WORK TO BE COMPLETED: What are the lines, word for word, from the line with "White Mark Womenâs" up to and including the line with "Black Afgano 30 ml EDP Parfum barbatesc" in the records below? Omit the pictures.

INFORMATION GIVEN:
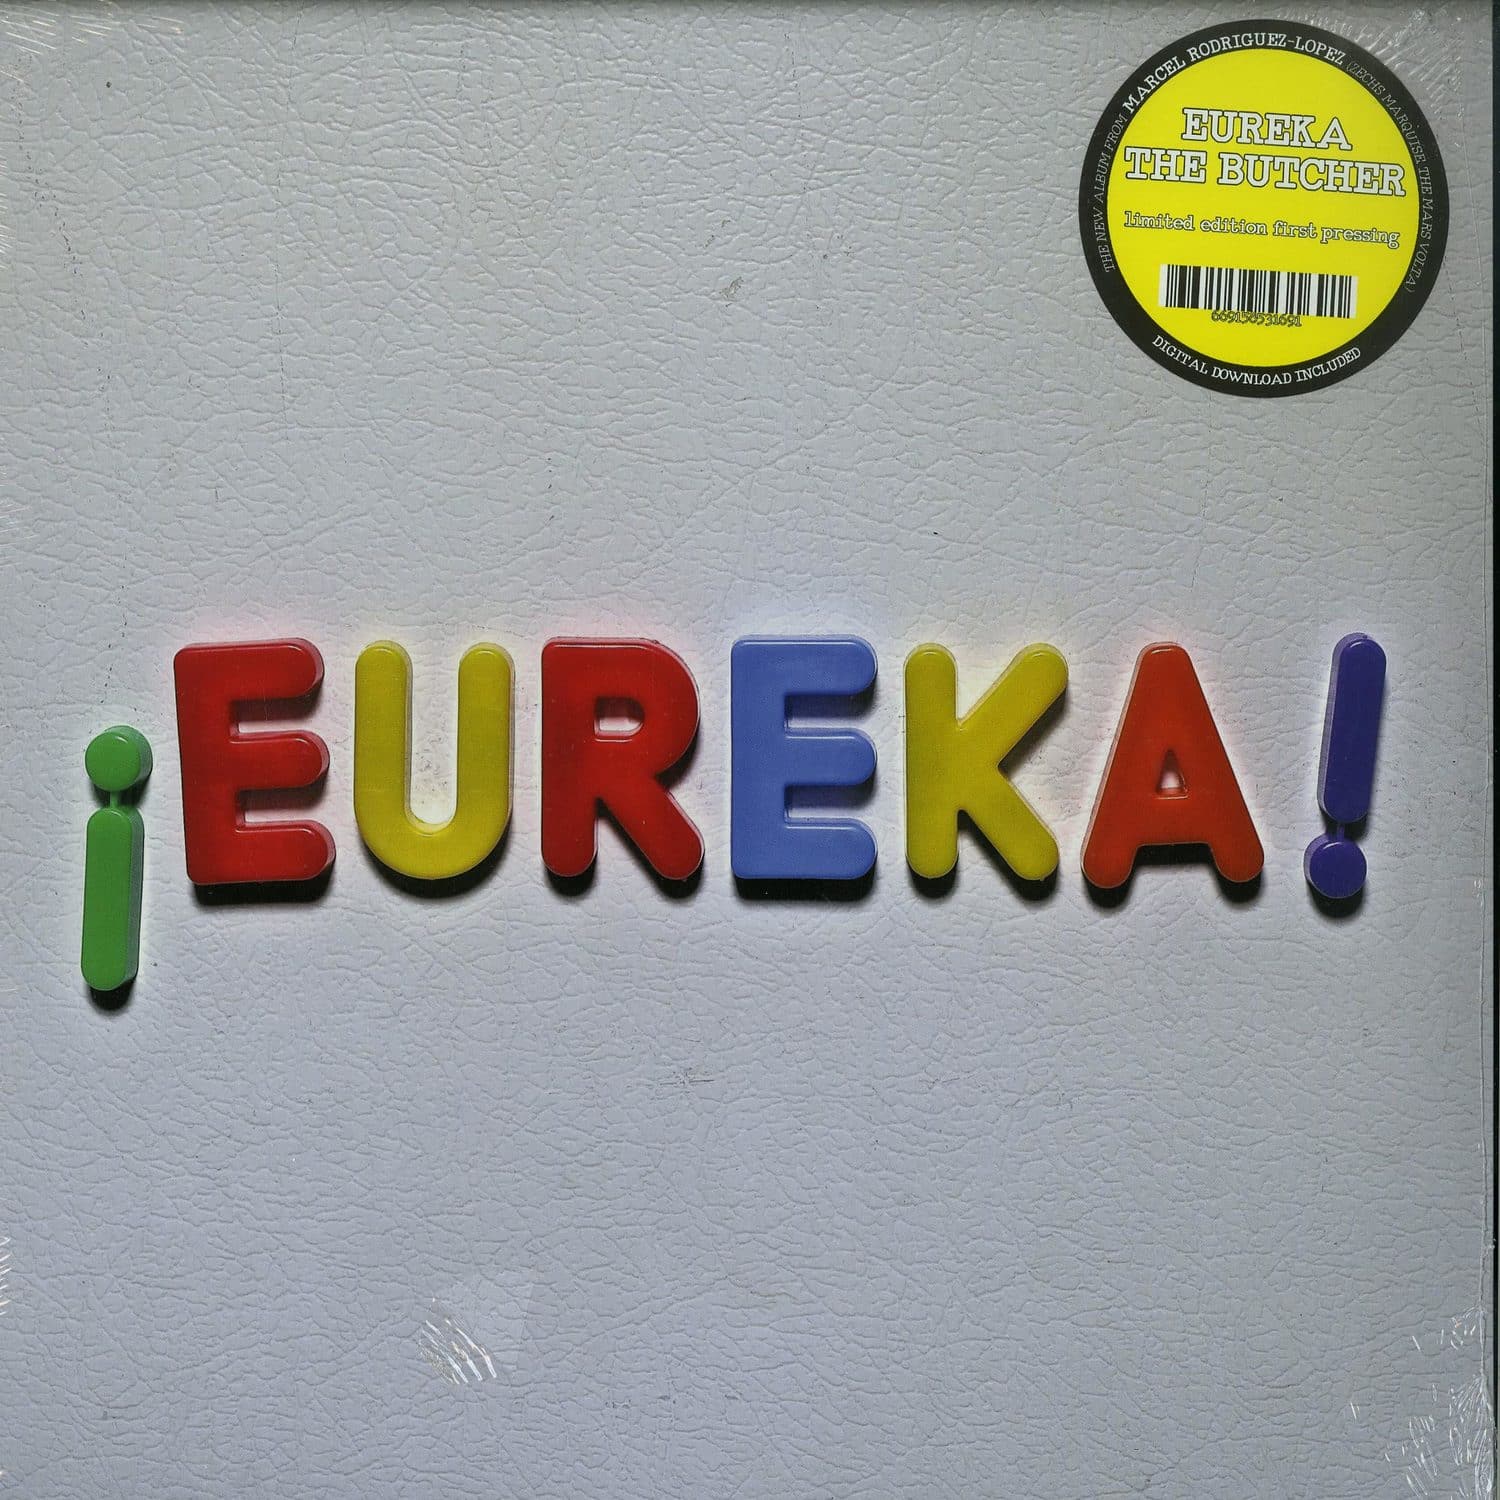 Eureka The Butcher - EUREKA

==

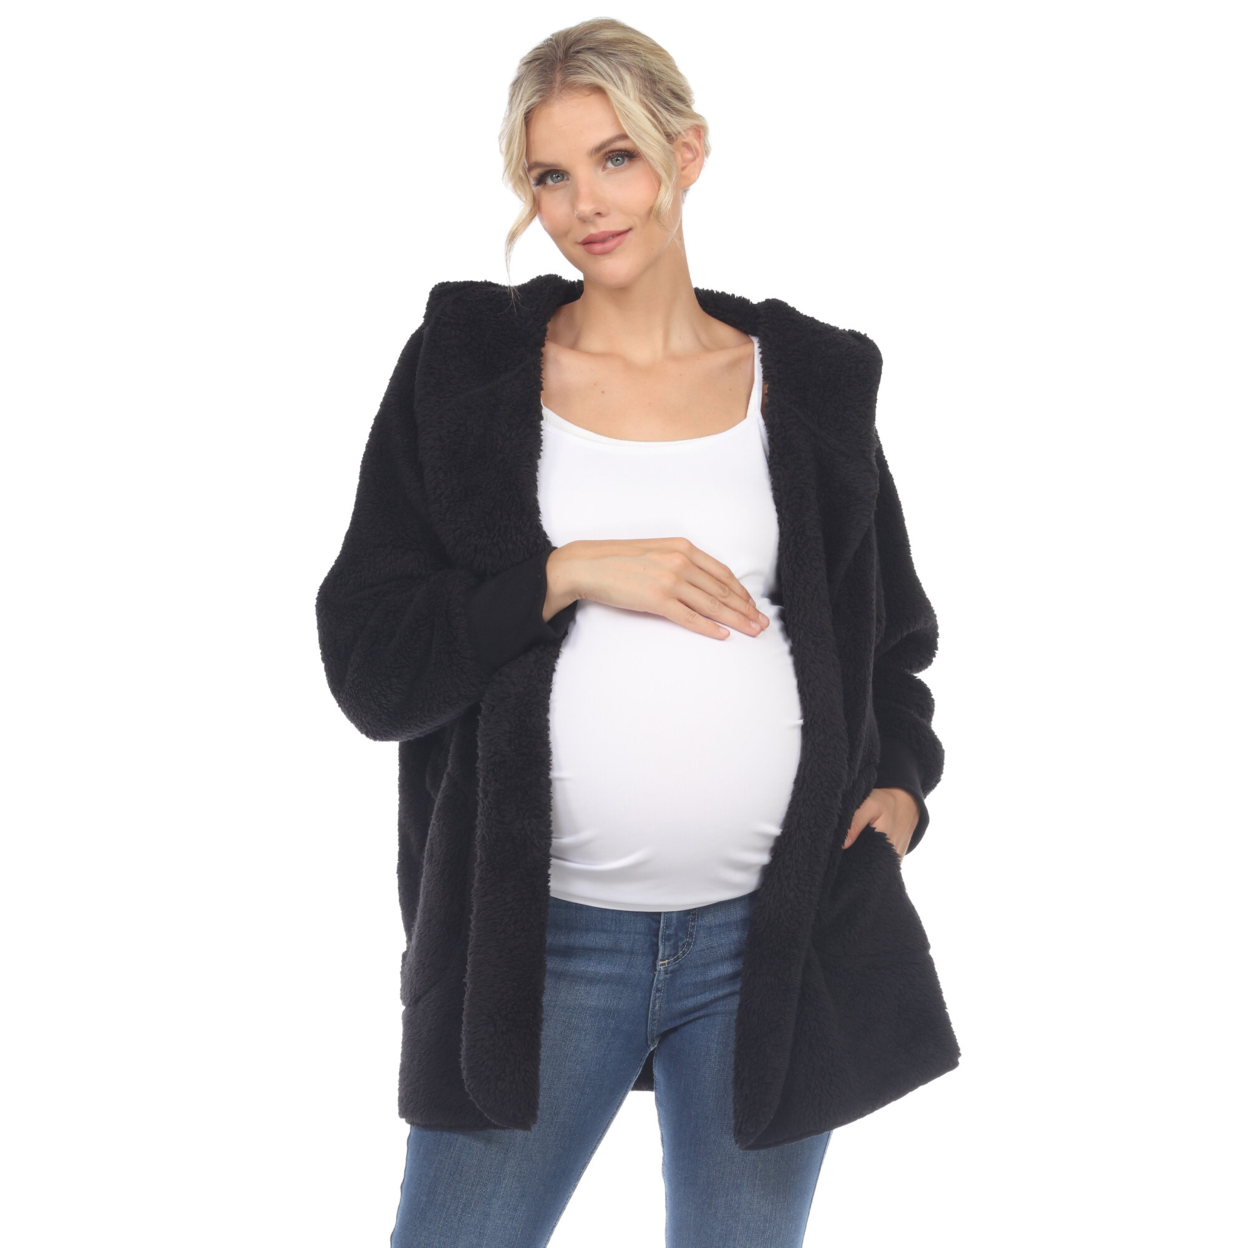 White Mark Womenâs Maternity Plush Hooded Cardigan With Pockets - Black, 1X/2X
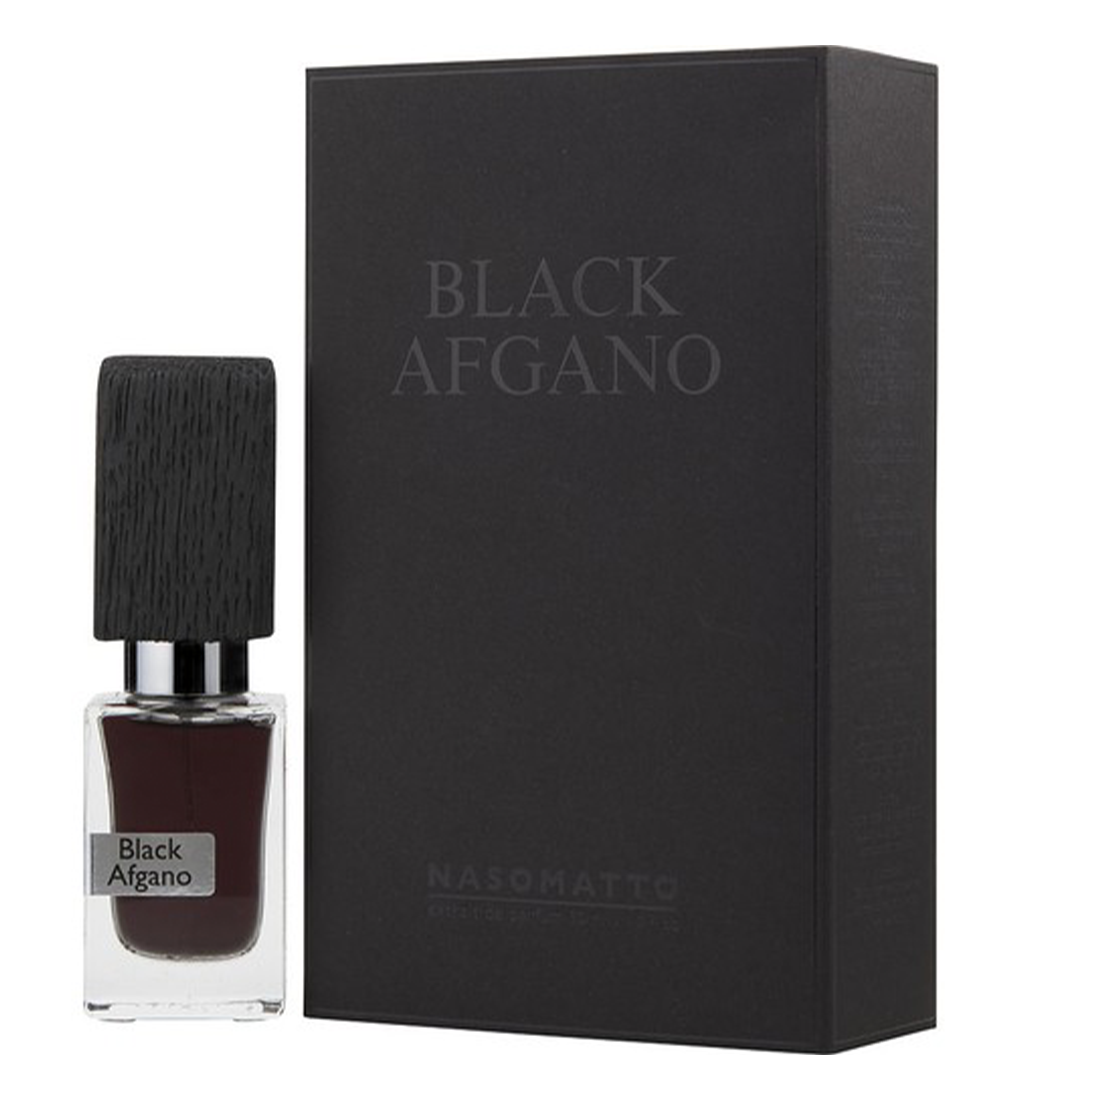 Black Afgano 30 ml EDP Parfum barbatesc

OUTPUT FOR THIS TASK:
 White Mark Womenâs Maternity Plush Hooded Cardigan With Pockets - Black, 1X/2X
 Black Afgano 30 ml EDP Parfum barbatesc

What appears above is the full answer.